Kings and Castels

With excellent weather we started our city tour through Vienna! St Stephens Cathedral , Graben, Kohlmarkt, and of course the traesure chamber in the Hofburg, just a few highlights in the morning, coffee break at the famous Landtmann cafe opposite to the townhouse and in the afternoon, wienerschnitzel for lunch, the castel of schönbrunn. Fantastic
“I like it when it rains, because if I don't like it, it rains anyway.” With this quote from Munich comedian Karl Valentin, we start our tour in dreary Viennese weather. We quickly leave the city behind us and, despite the limited visibility, can sense the beauty of the Wachau region. After a well-deserved coffee break, we stop for our first photo opportunity opposite the ruins of Dürnstein Castle. After his return from the Third Crusade, Richard the Lionheart was held captive here before being handed over to the German Emperor Henry IV. The next highlight is crossing the Danube, not via a normal bridge, but via the ferry at Weissenstein. We follow the Danube to the Maria Taferl junction. From up there, we have a sensational view over the Danube and enjoy our lunch. Finally, it stops raining and we leave the Danube in the direction of the Czech border. Since the Czech Republic joined the Schengen area, the border crossing at Phyrabruck is no longer used. The remains of the still recognizable death strip give us an idea of what it was like here during the Cold War. We take the obligatory photos of the border signs and head to Budweis. Budweis is also known as the Siena of South Bohemia. The beautiful old town with its 16th-century buildings makes us agree. As the Edelweiss Tour Hotel is located right on the edge of the old town, most guests take a short walk to explore Budweis.

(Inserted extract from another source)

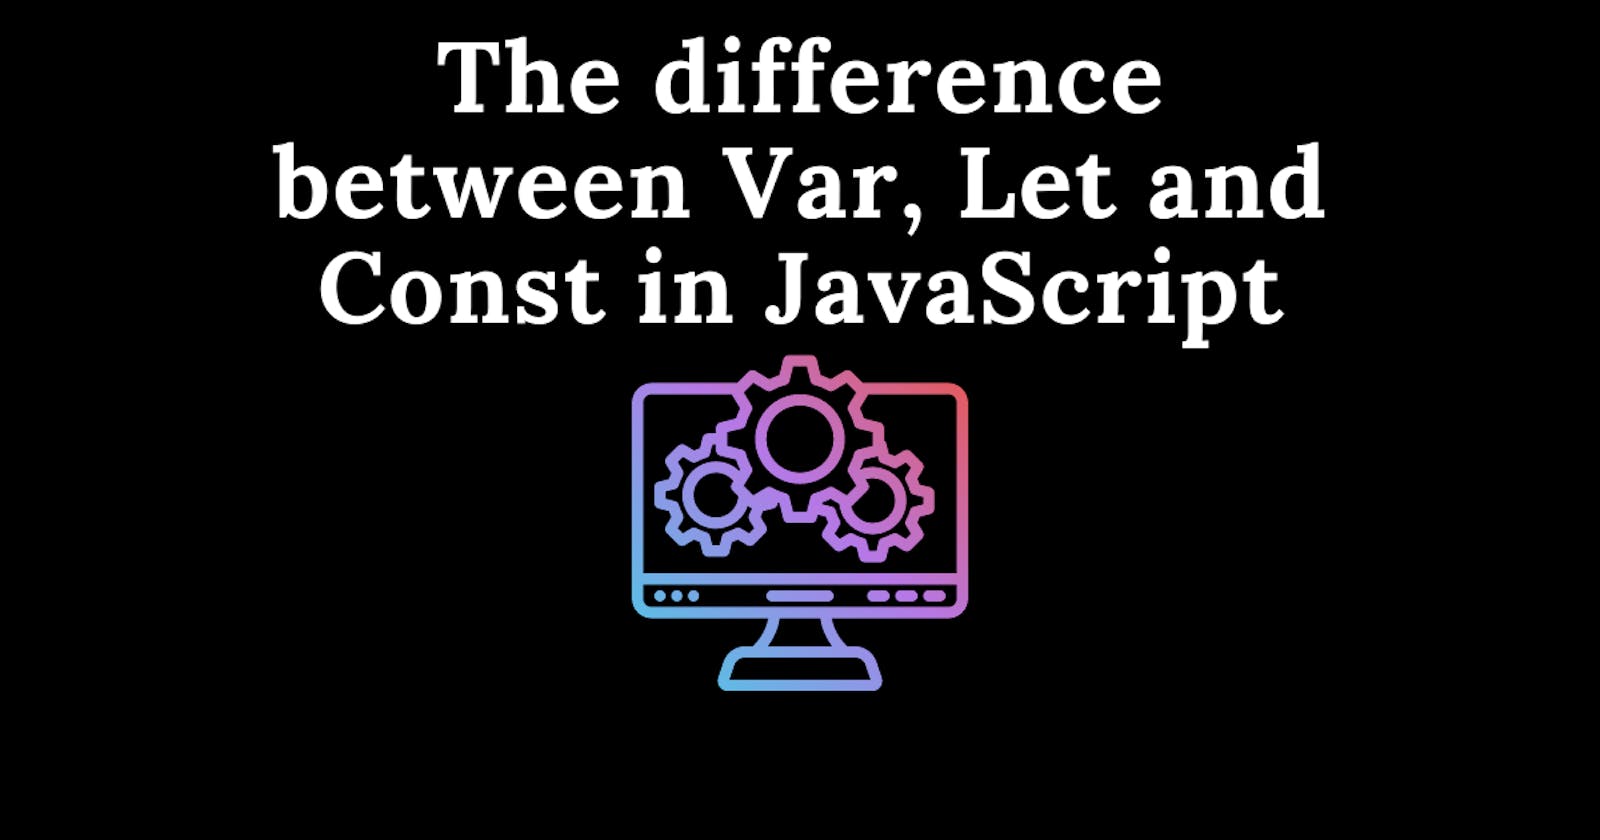 The difference between Var, Let and Const in JavaScript

The last drops from the sky didn't bother us and so we got already to Krumlov, the pearl of medieval towns before the mainstream tourism arrived. through the remote area of the bohemian forest on twisty roads with almost no traffic and finally a sunny final when we reached Prague.
Even though the motorcycle tour on the rest day is very tempting, the beautiful city of Prague is a must-see, and you need time for that. All participants in this tour decided to do so, and so we set off on our discovery tour from our tour hotel. We crossed Wenceslas Square and walked through the pedestrian zone to the old town hall. On the south wall of the town hall (built in 1381) is one of the oldest astronomical clocks in the world. Some parts date back to 1410. We continued across the world-famous Charles Bridge and from there up to the fortress. From a hidden part of a café, we had a sensational view of the city. And then our lunch stop: an old inn that has been open continuously since 1375!!! Here, we enjoyed not only the food, but also the excellent Czech beer. In good spirits, we set off on our way back.
We leave one of Europe's most beautiful cities and drive to Melnik. When the plague ravaged Europe in the 16th and 17th centuries, there was not enough space to bury the dead. Therefore, the remains of past centuries were stored in ossuaries beneath the church, as was the case in Melnik. Here lie the skulls and bones of 10,000 to 15,000 dead, a gruesome sight. Outside the church is a viewpoint from which you can see the confluence of the Vltava and Elbe rivers. We continue through the Bohemian countryside to Jetrichovice, where Franz surprises us with a delicious picnic. Refreshed, we cruise through Czech and Saxon Switzerland to the Bastei. From up there, we have a great view of the surrounding countryside and the Elbe, which flows deep below. After the Bastei, it is only a stone's throw to Dresden. Here, too, we are grateful that our tour hotel is very centrally located. The way to the restaurant takes us past most of the sights, with the Zwinger, Semperoper, Residenzschloss, Sanctissimae Trinitatis Cathedral, and Frauenkirche lining our path. Our guests were more than impressed, but the Edelweiss tour guides had another trick up their sleeves: the Brühlsche Terrasse, also known as the Balcony of Europe, offers a fantastic view over the Elbe and the sights of the city, which was almost completely destroyed at the end of World War II. The evening atmosphere added to the experience.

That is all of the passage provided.